For the Buddhists, all life was sacred, although it could exist in higher and lower forms. For the Jains, not only was all life sacred but it shared a common soul: there were no higher and lower forms. In either case, priests who sacrificed animals were no better than murderers. Buddhists tolerated the eating of animal flesh, provided the eater had not participated in the killing. The Jains, however, condemning the killing of
all animals, insisted on a pure vegetarian diet. The members of some Jainist sects even deemed it necessary to employ sweepers to clear the path in front of them in order to avoid the calamity of accidentally extinguishing the life of a single ant.

As I suggested earlier, the end of animal sacrifice coincided with the growth of universalistic, spiritualized religions. With the erstwhile “great providers” increasingly unable to validate their majesty through popular displays of open-handed generosity, people were encouraged to look for “redistributions” in an afterlife or in some new phase of being. I have also pointed out that the image of the ruler as great protector of the weak against the strong arose as a matter of practical statecraft during periods of imperial expansion. Buddhism, like Christianity, was ideally suited, therefore, for adoption as an imperial religion. It dematerialized the obligations of the emperor at the same time that it obligated the aristocracy to show compassion to the poor. This explains, I think, why Buddhism became an official religion under Asoka, one of the most powerful emperors in the history of India. Asoka, grandson of the founder of the north Indian Maurya Dynasty, converted to Buddhism in 257
B.C.
He and his descendants forthwith set about creating the first and still the largest ever of Indian empires—a shaky realm stretching briefly from Afghanistan to Ceylon. Asoka was thus possibly the first emperor in history to set out to conquer the world in the name of a religion of universal peace.

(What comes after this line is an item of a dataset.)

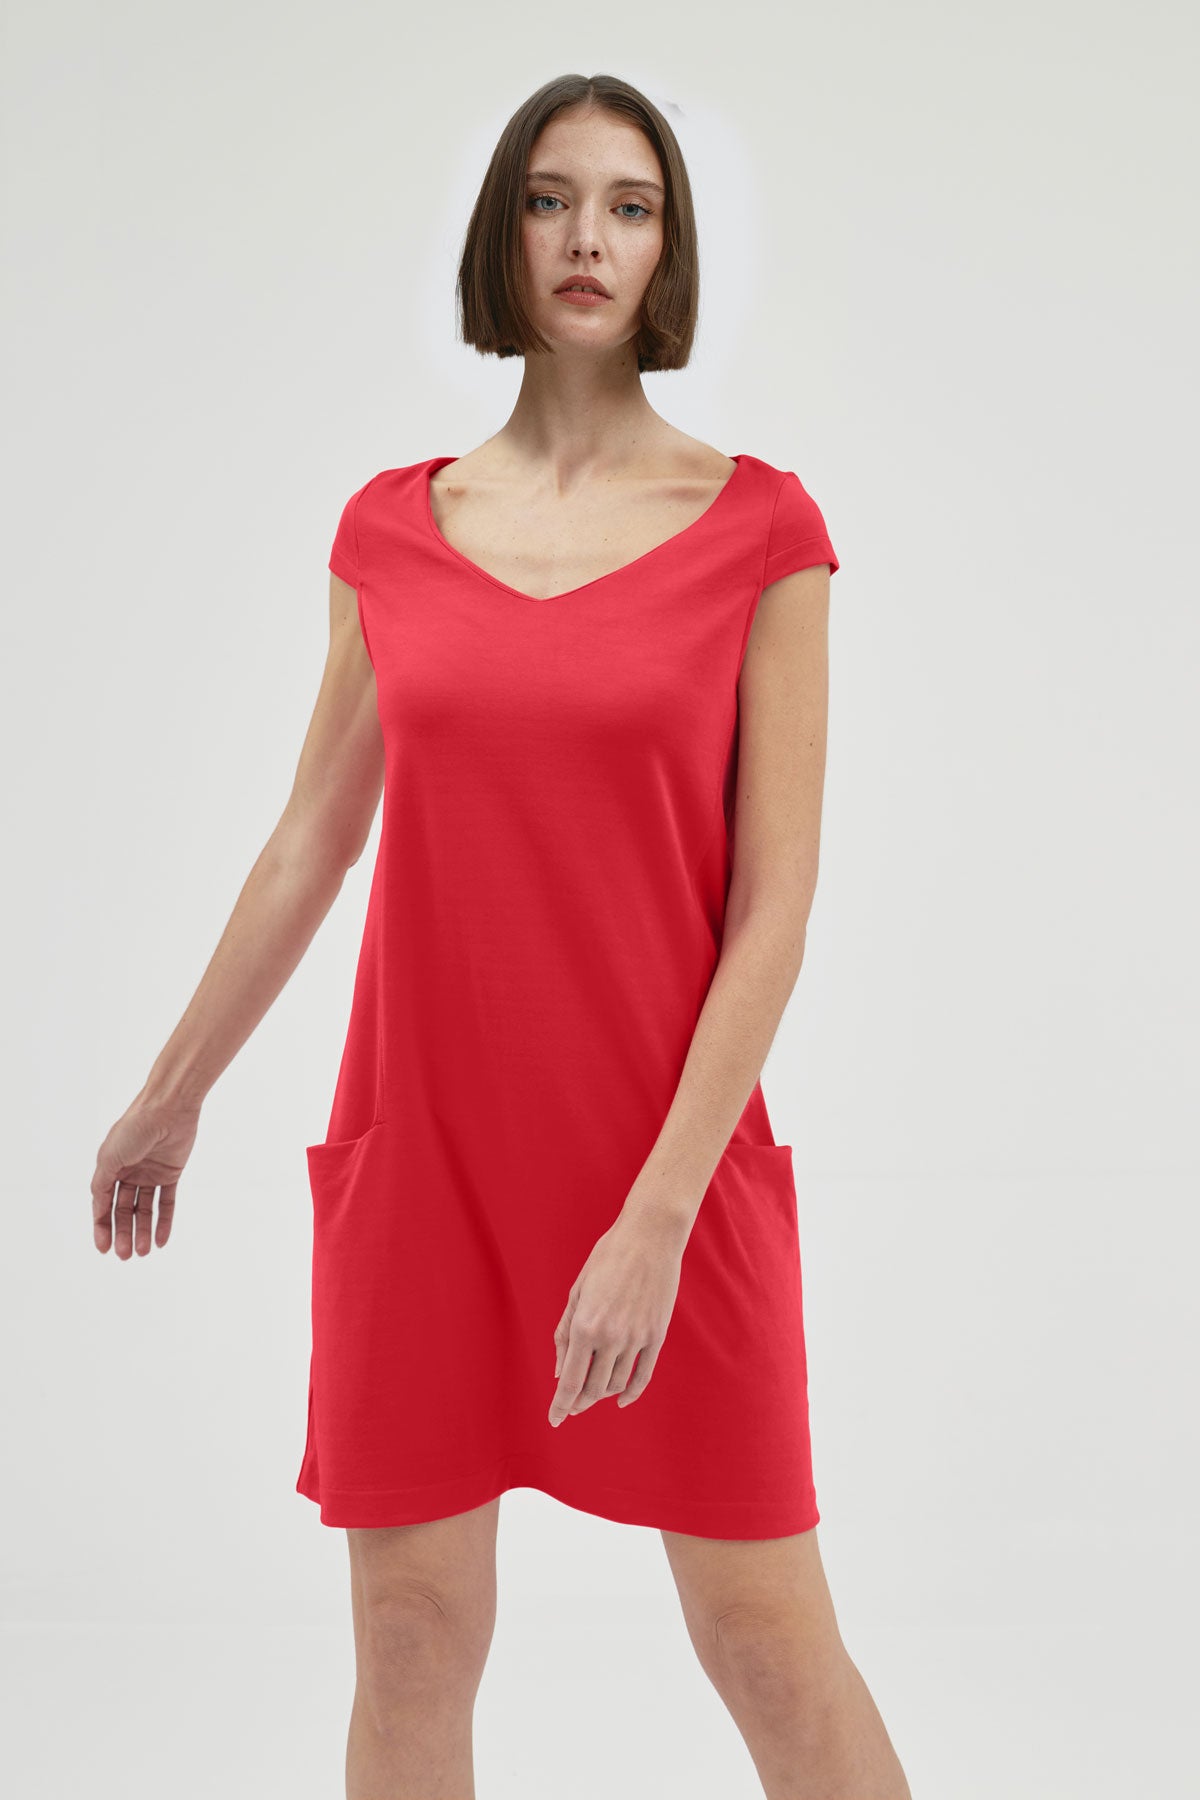 Vestido holgado de mujer con cuello redondo y bolsillos. Un vestido perfecto para mujer en verano, un básico de fondo de armario en color rojo

Meanwhile, Hinduism was profoundly affected by the new religions and began to adopt some of the reforms which had made its Buddhist rival politically successful. Eventually, the widespread opposition to animal sacrifice came to be represented within Hinduism by the
doctrine of
ahimsa
—nonviolence based on the sacredness of life. But this change did not come all at once nor did it proceed in a single direction. After the collapse in 184
B.C
. of the Maurya Dynasty, Brahmanism revived and meat eating among the elite flourished once more. As late as
A.D
. 350, according to Prakash, “flesh of various animals” was served to Brahmans at Sraddhas, the redistributive ceremonies commemorating the dead. “The Kurma Purana goes to the extent of saying that one who does not take flesh in a Sraddha is born again and again as an animal.”

No one is able to say precisely when cows and oxen became distinct objects of veneration among Brahmans and other high-caste Hindus. It is impossible to assign precise dates to changes in Hindu ritual because Hinduism is not a single organized religion but an immense number of loosely affiliated congregations centering on independent temples, shrines, deities, and castes, each with its own doctrinal and ritual specialties. One authority, S. K. Maitz, claims that the cow had already become the most sacred of animals by
A.D.
350, but his evidence is a single canto in an epic poem which describes a certain king and his queen as “worshipping cows with sandal paste and garlands.” There is also the inscription of King Chandragupta II, dated to
A.D
. 465, which equates the killing of a cow with the killing of a Brahman. But the modern Hindu point of view may be intruding. The Gupta emperors issued royal decrees aimed at preventing the consumption of various animals by commoners. Hindu royalty fussed over horses and elephants as well as cows. They garlanded their animals, bathed them, provided them with carpeted stalls, and set them free to roam in protected reserves. It may have been only after
A.D
. 700 and the Islamic conquest of India that the sacred cow complex acquired its
familiar modern form. The followers of Islam had no compunctions about eating beef. Hence under the Moguls, the Islamic emperors of India, cow protection may have become a political symbol of Hindu resistance against beef-eating Moslem invaders. At any rate, the Brahmans—for centuries the sacrificers and consumers of animal flesh—gradually come to regard it as their sacred duty to prevent the slaughtering or eating of any domestic animals, especially cows and oxen.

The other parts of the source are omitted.